• The problem
From the line containing "Lauf Santa Lauf" down to the last line of the material, output each line exactly as it appears, excluding pictures.

• Stored data
-- Opening Marker --
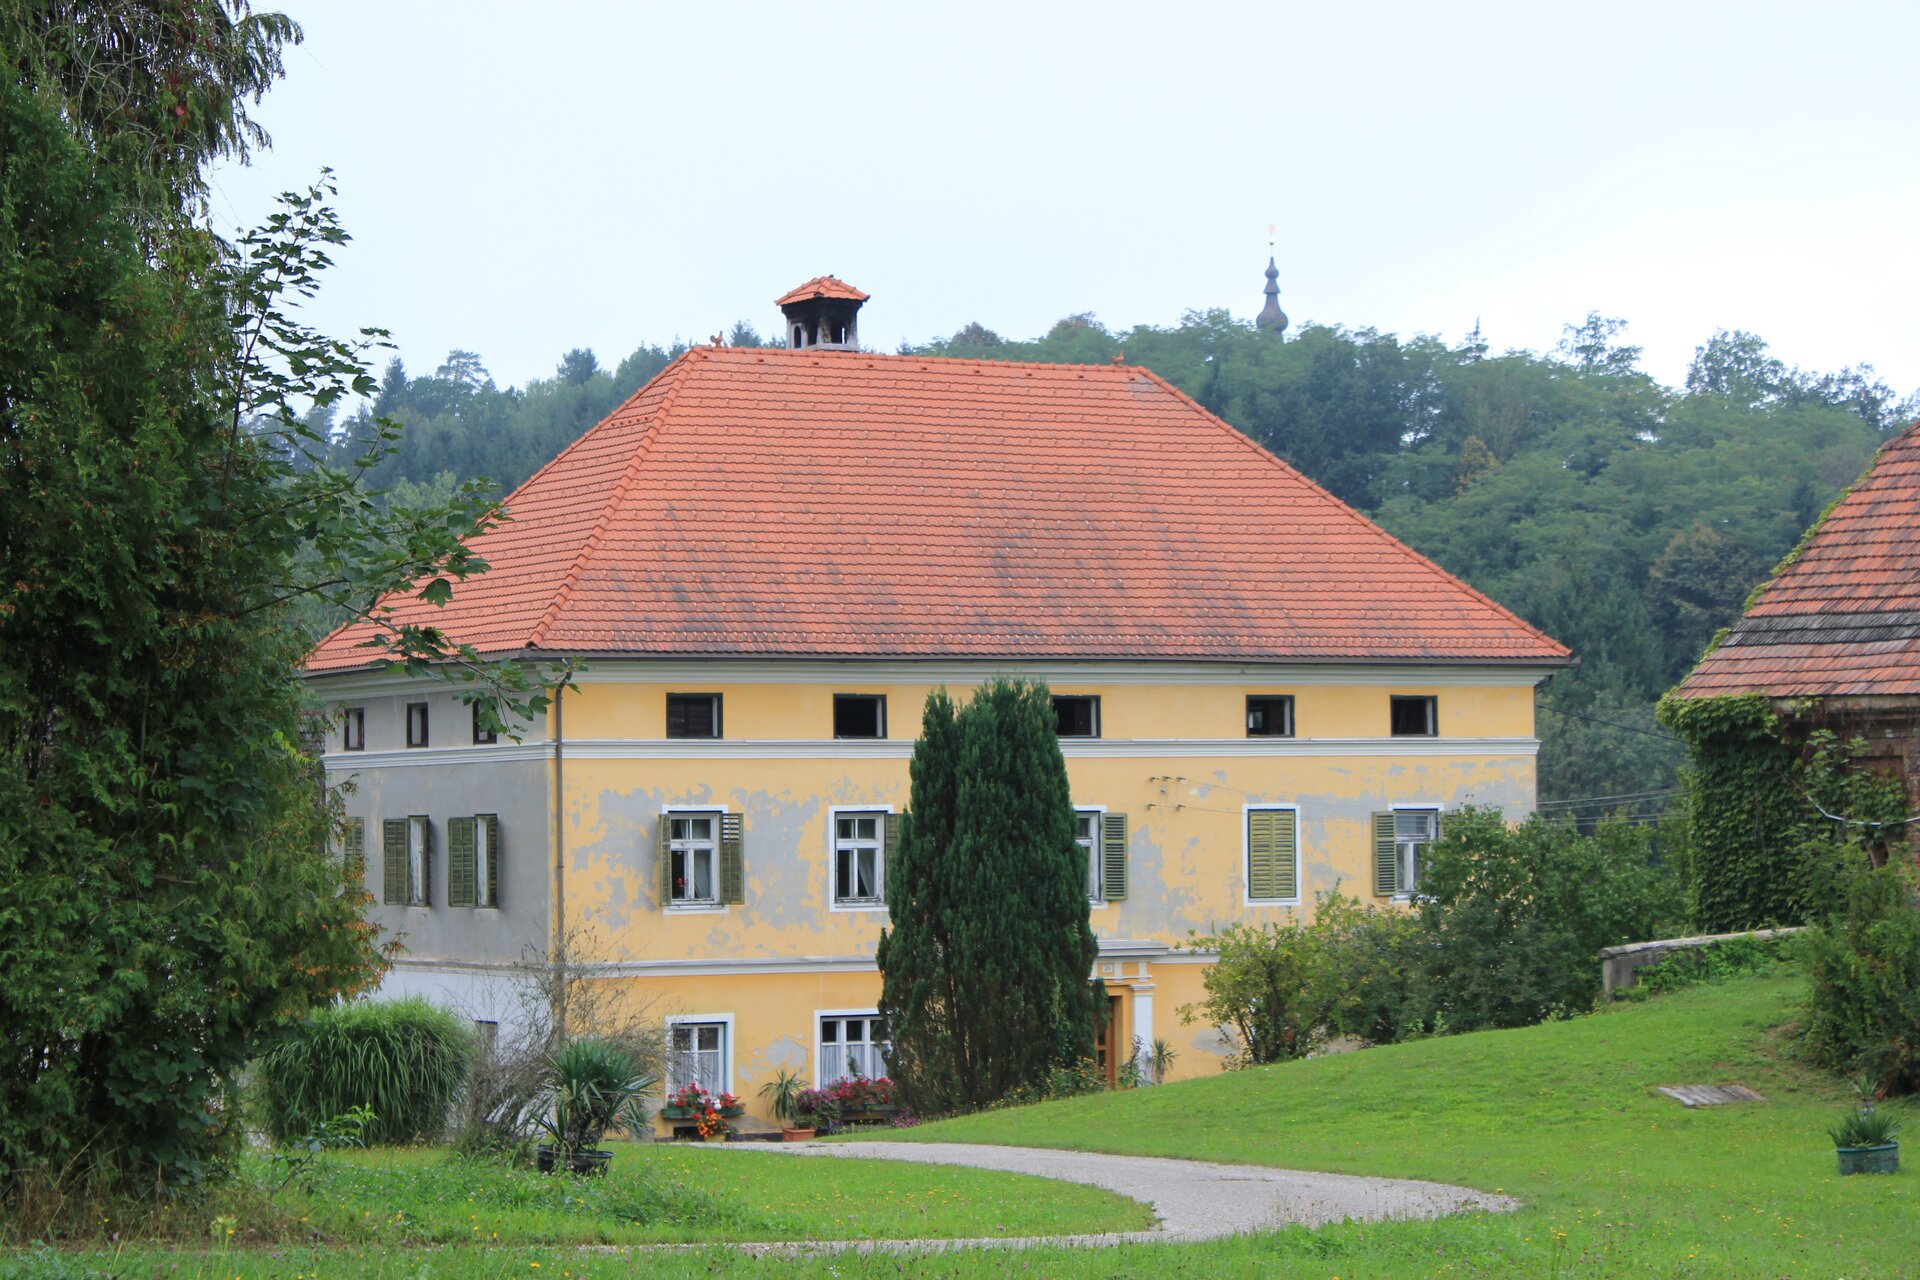 Fotografia przedstawia Preglhof w Obersdorfie, czyli dom rodzinny Weberna. Jest to duży budynek z żółtą elewacją i czerwonym dachem, usytuowany wśród zieleni. Okna maja zielone okiennice. Niebo jest zachmurzone.
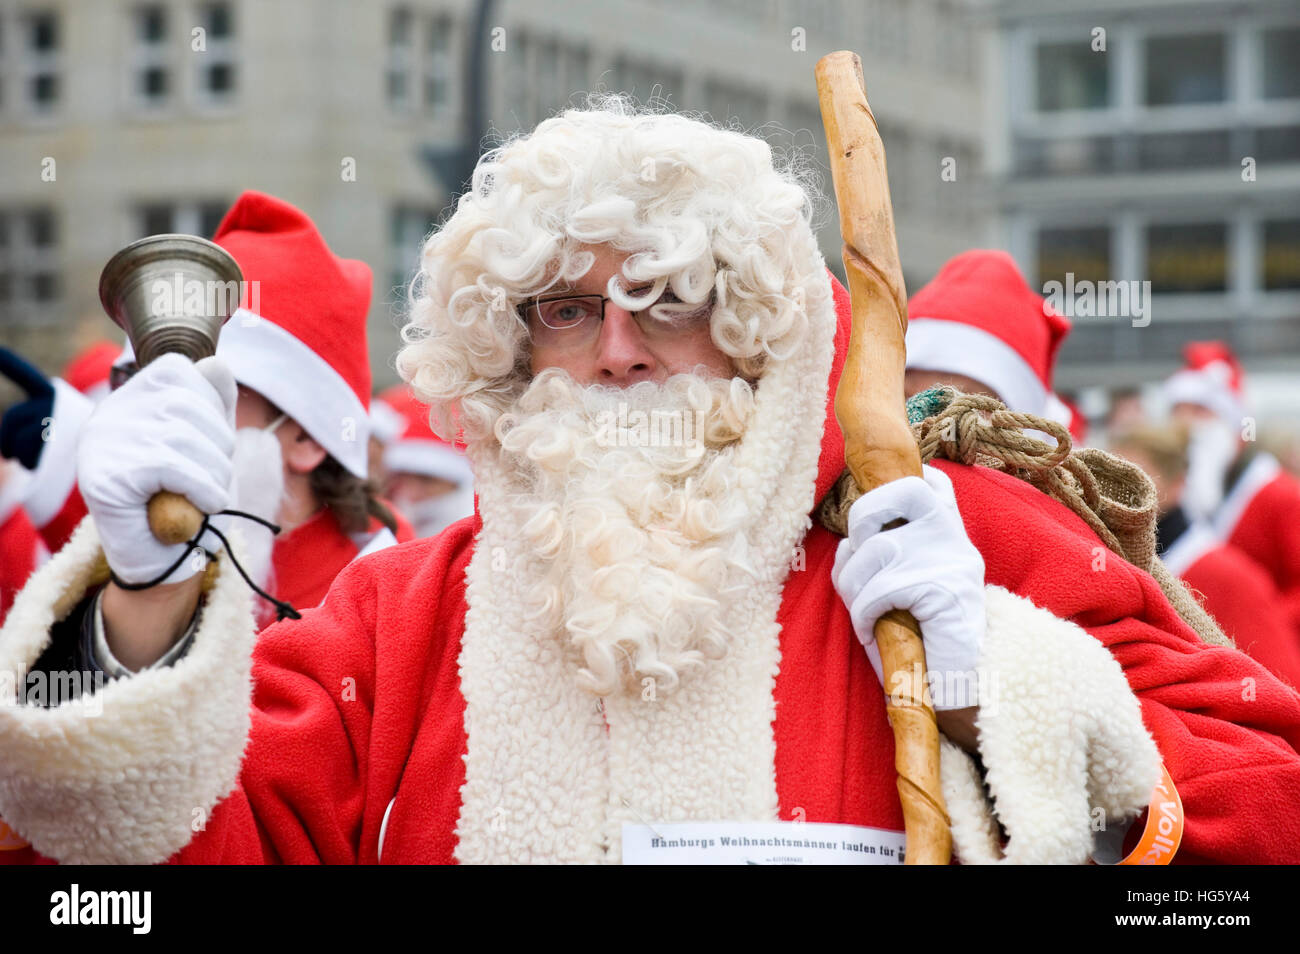 Lauf Santa Lauf (Lauf, Santa, Lauf): Versuch, einen Weltrekord für das größte Weihnachtsmann-Rennen am 16. Dezember Stockfoto
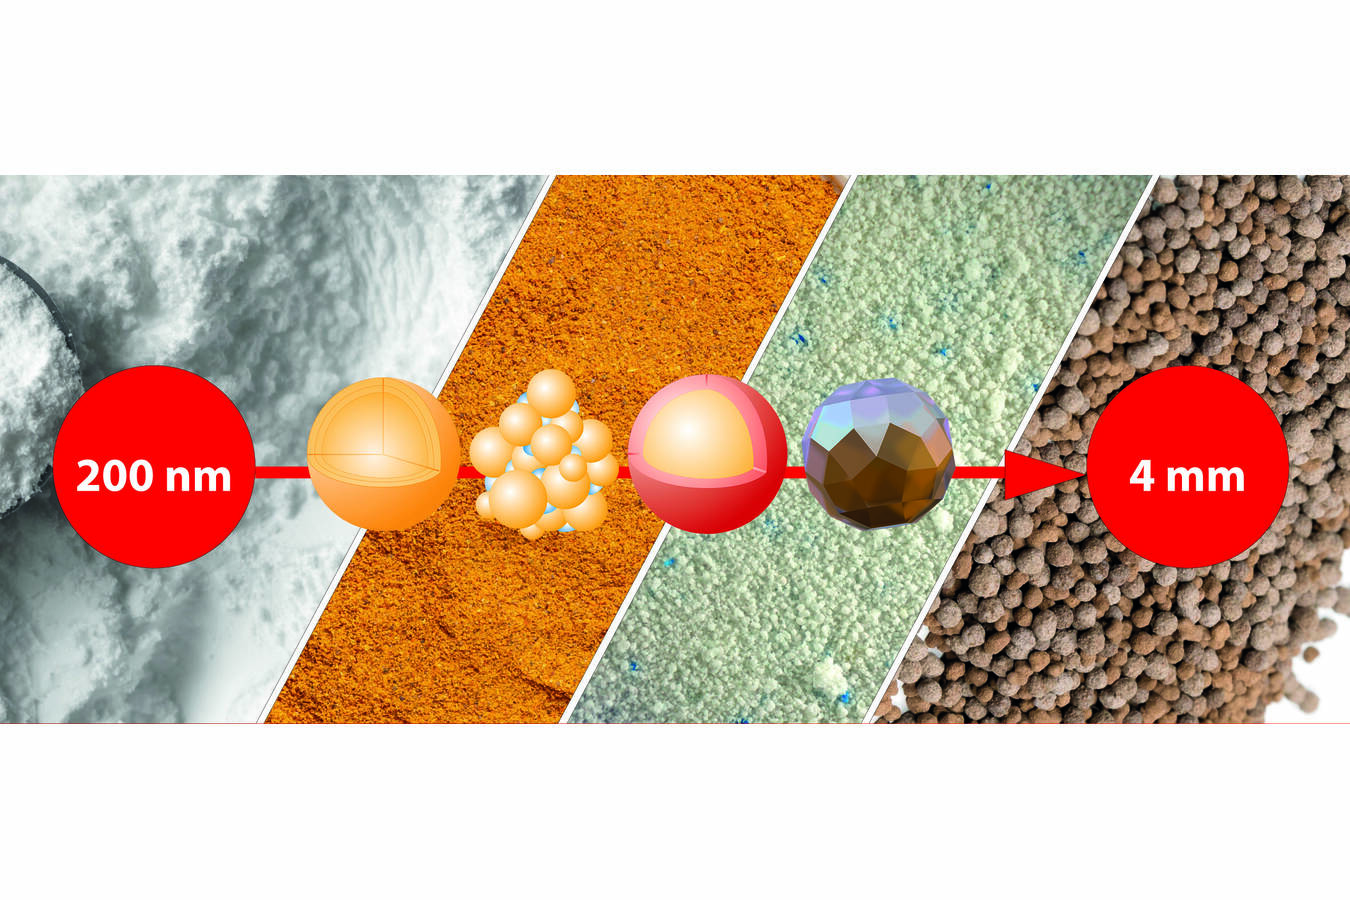 Glatt bietet Partikeldesign für verschiedene Korngrößen von 200 Nanometern bis zu 4 Millimetern
-- Closing Marker --
• Written response
 Lauf Santa Lauf (Lauf, Santa, Lauf): Versuch, einen Weltrekord für das größte Weihnachtsmann-Rennen am 16. Dezember Stockfoto
 Glatt bietet Partikeldesign für verschiedene Korngrößen von 200 Nanometern bis zu 4 Millimetern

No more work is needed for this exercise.